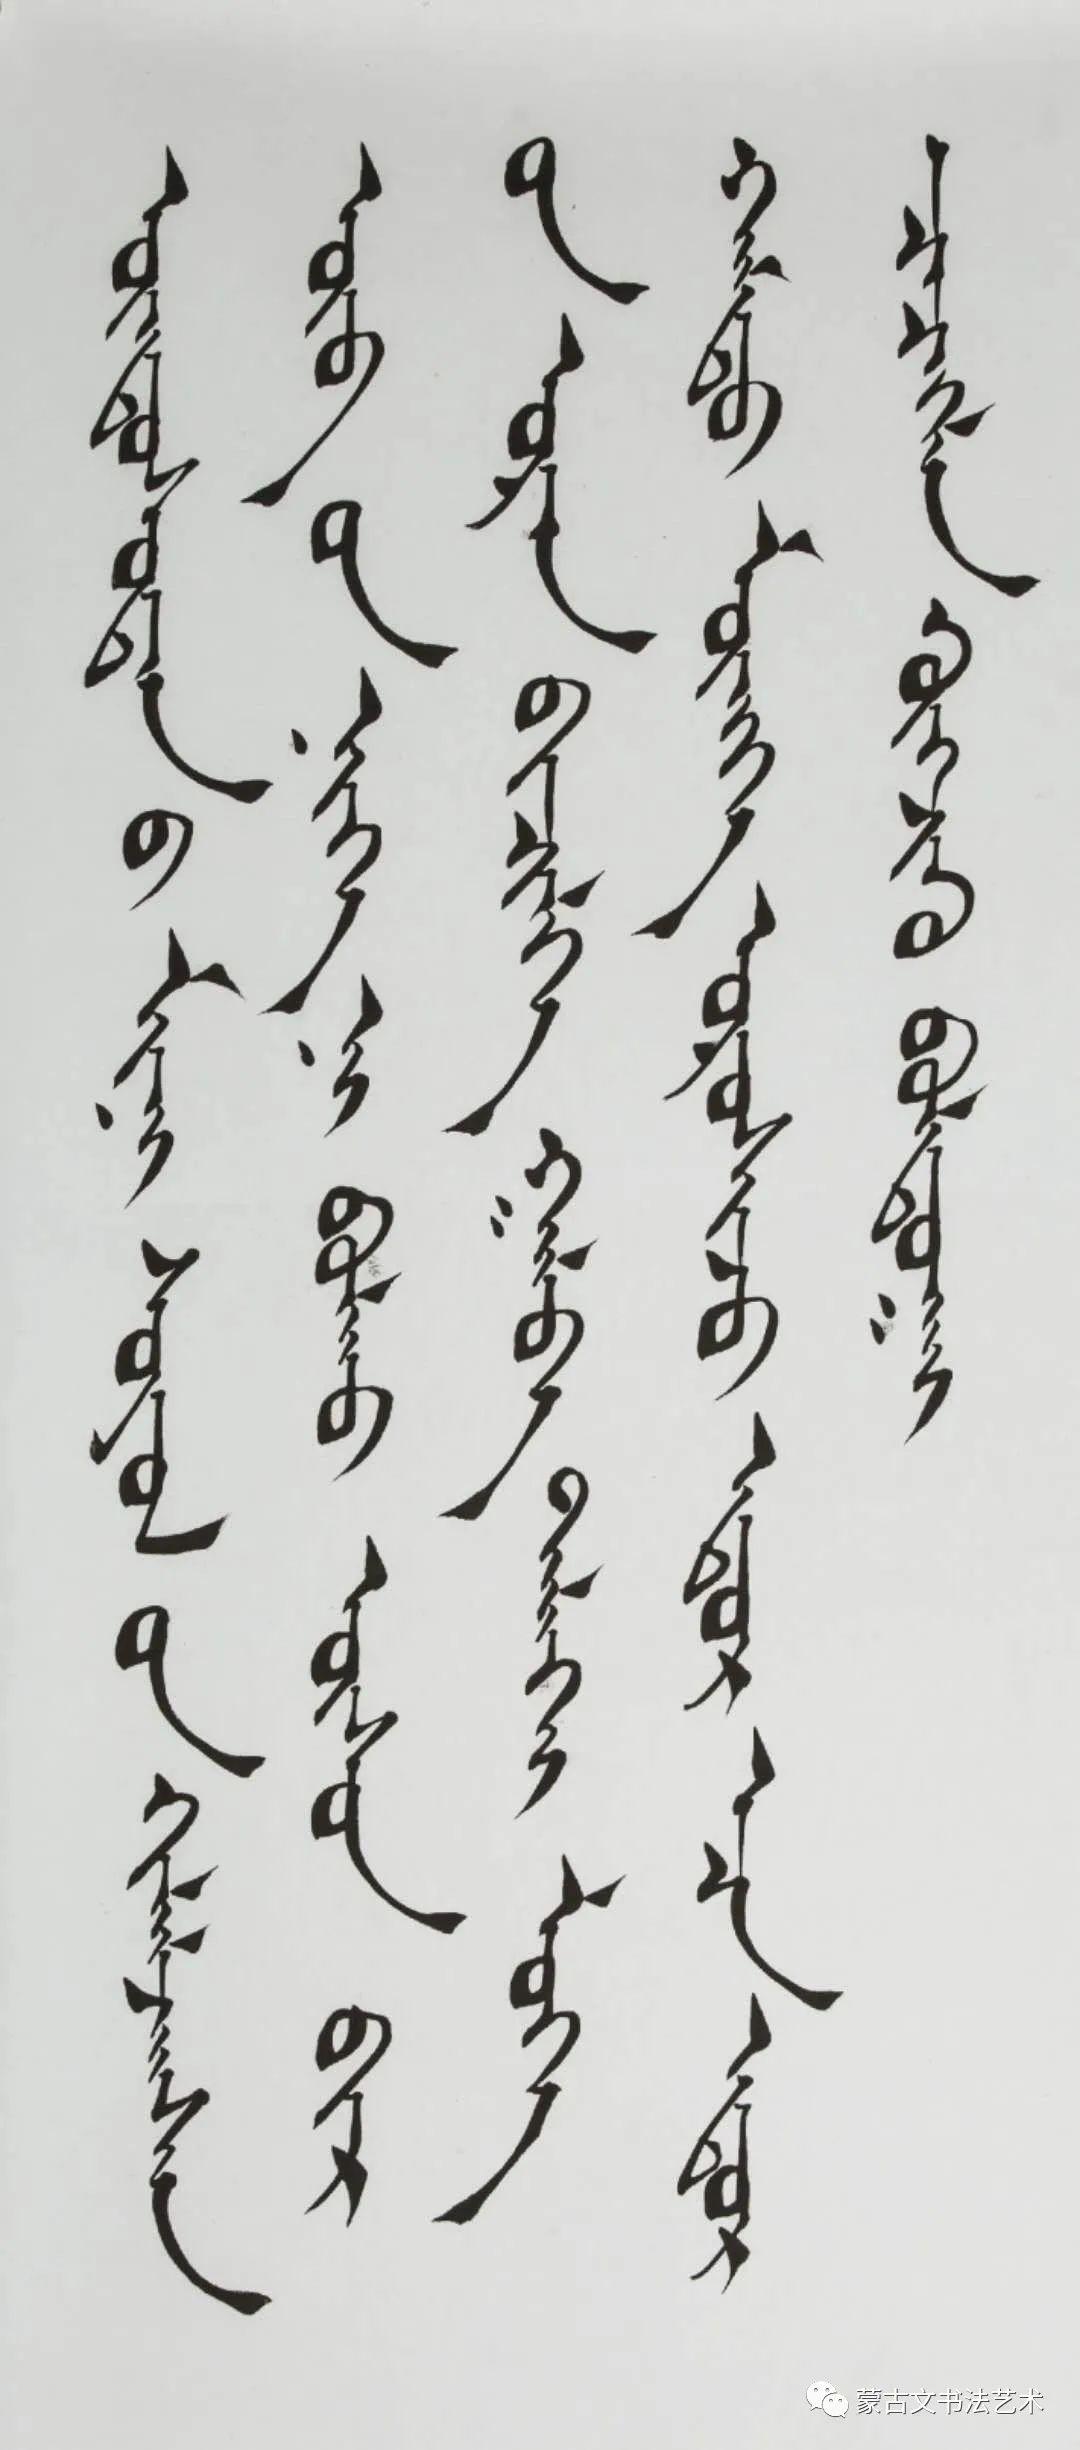 毕力格图出新书了《蒙古文书法字帖》 第12张 毕力格图出新书了《蒙古文书法字帖》 蒙古书法
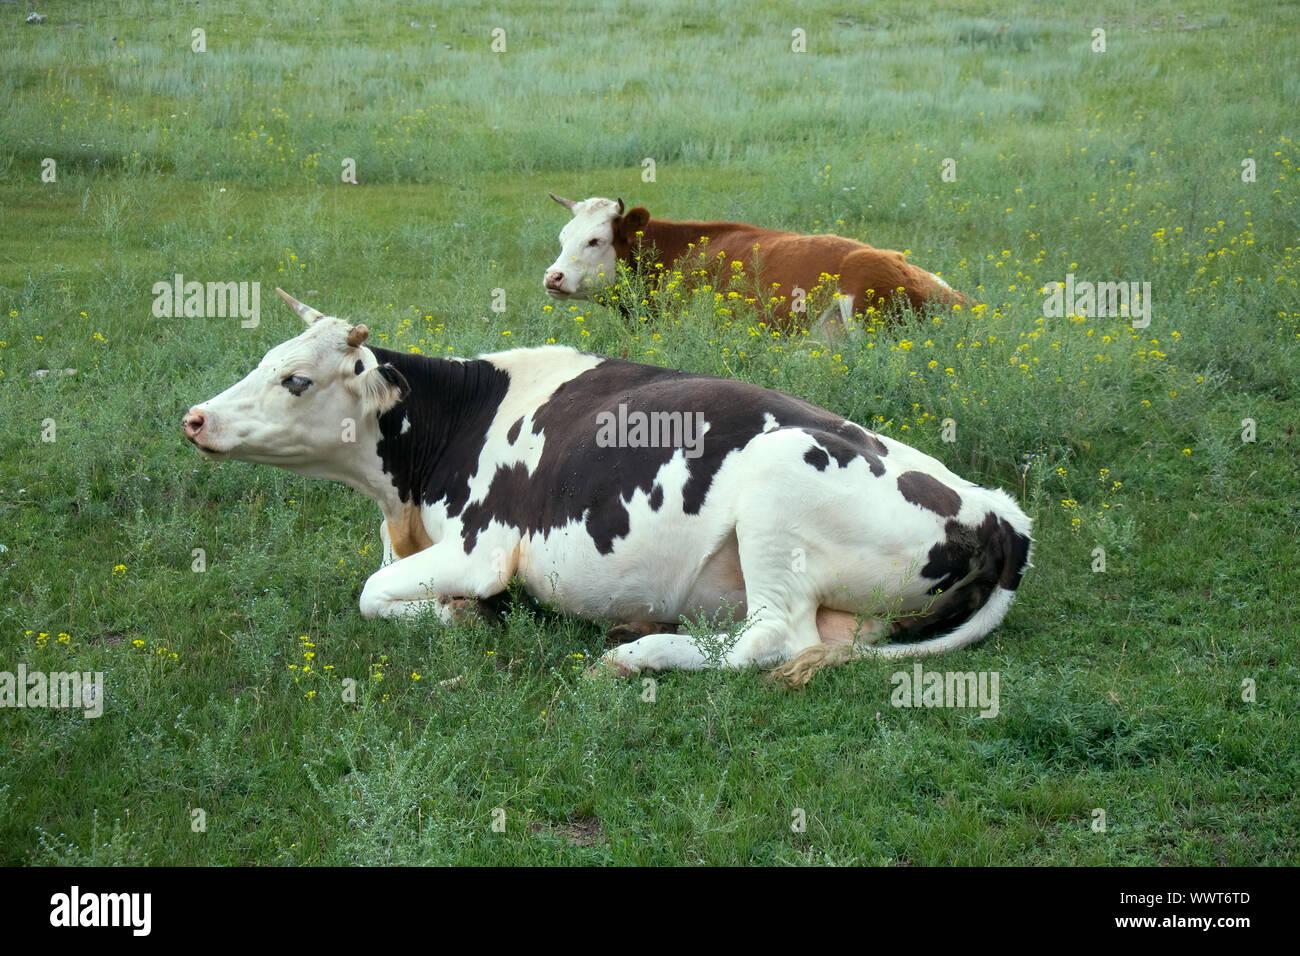 La cría de ganado de raza Holstein 2. Las vacas en la pradera Foto de stock
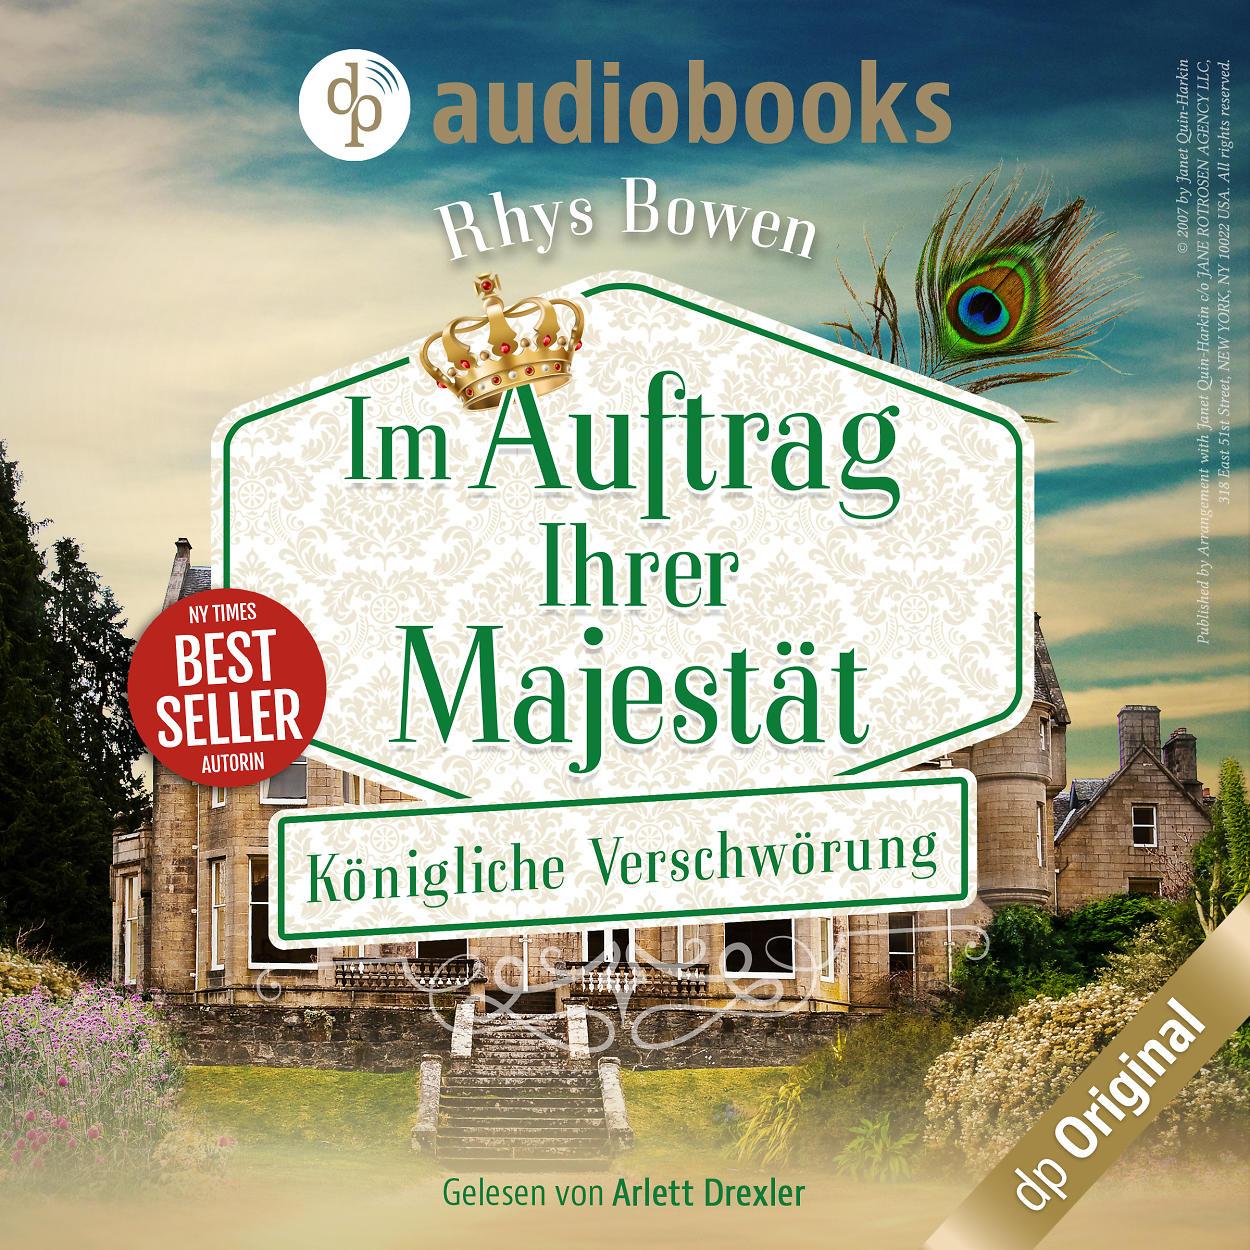 Audiobook - Königliche Verschwörung
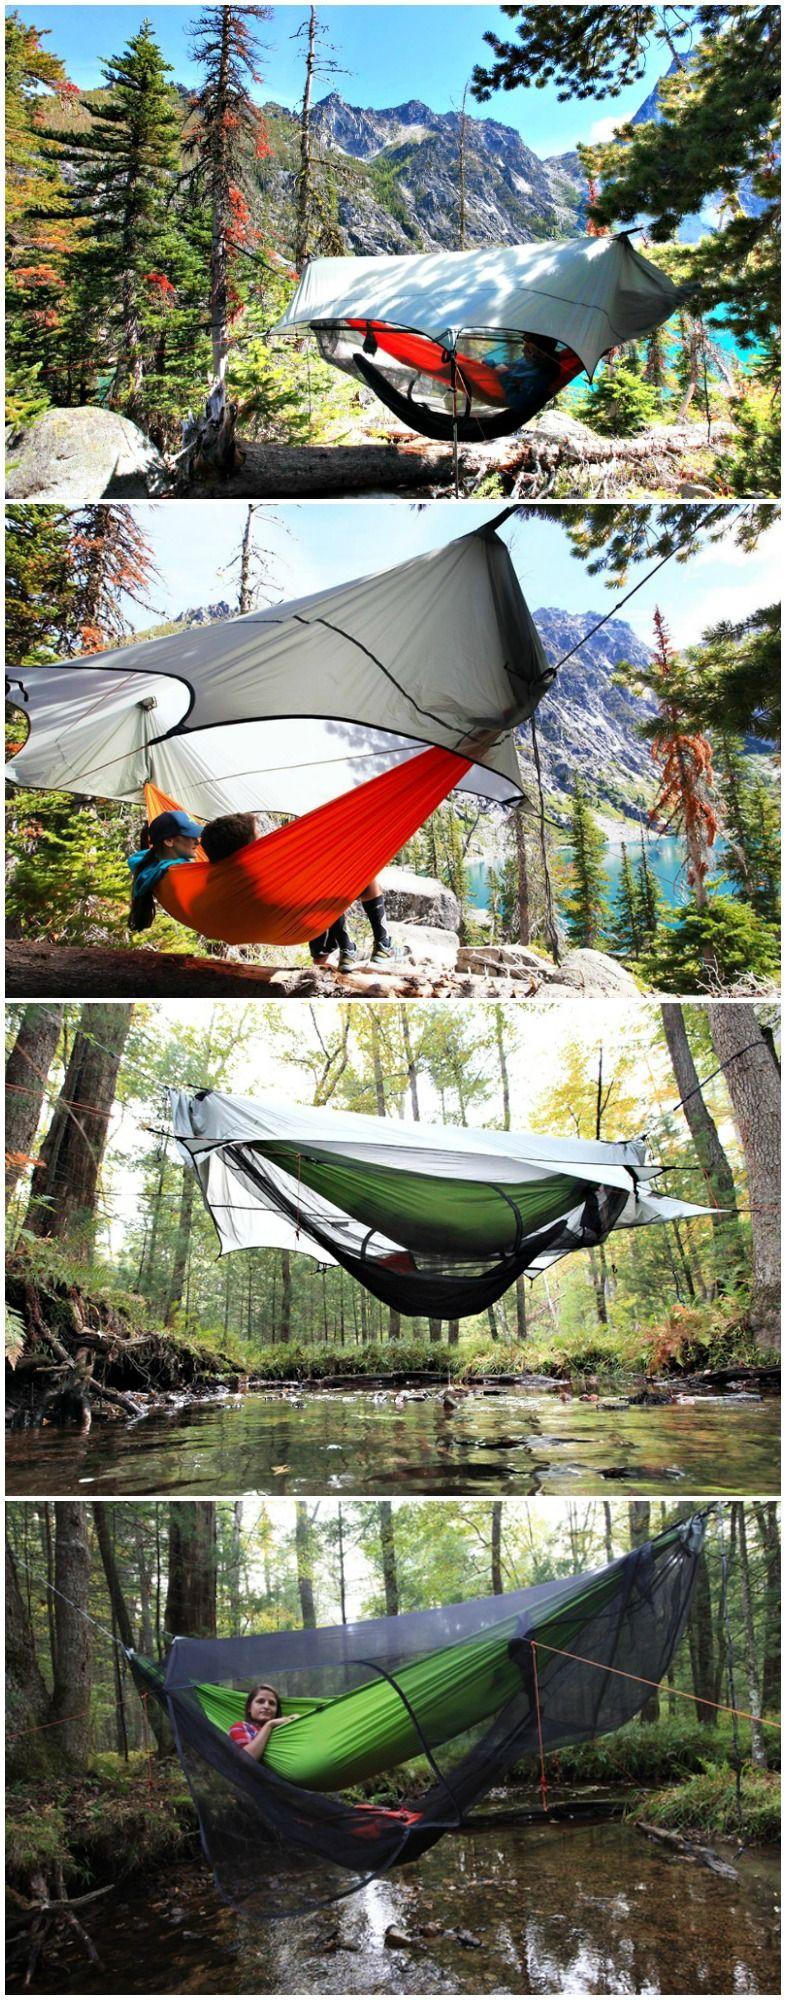 nub   stratos modular hammock shelter nub   stratos modular hammock shelter   camping hammock cloud and      rh   pinterest

* * * * * * *

• _TASK REQUIREMENTS_: Your task is to reproduce exactly the lines from the one with "La cría de ganado" to the end of the material, both included, with the pictures left out.

• _RESPONSE_:
 La cría de ganado de raza Holstein 2. Las vacas en la pradera Foto de stock
 Audiobook - Königliche Verschwörung
 nub   stratos modular hammock shelter nub   stratos modular hammock shelter   camping hammock cloud and      rh   pinterest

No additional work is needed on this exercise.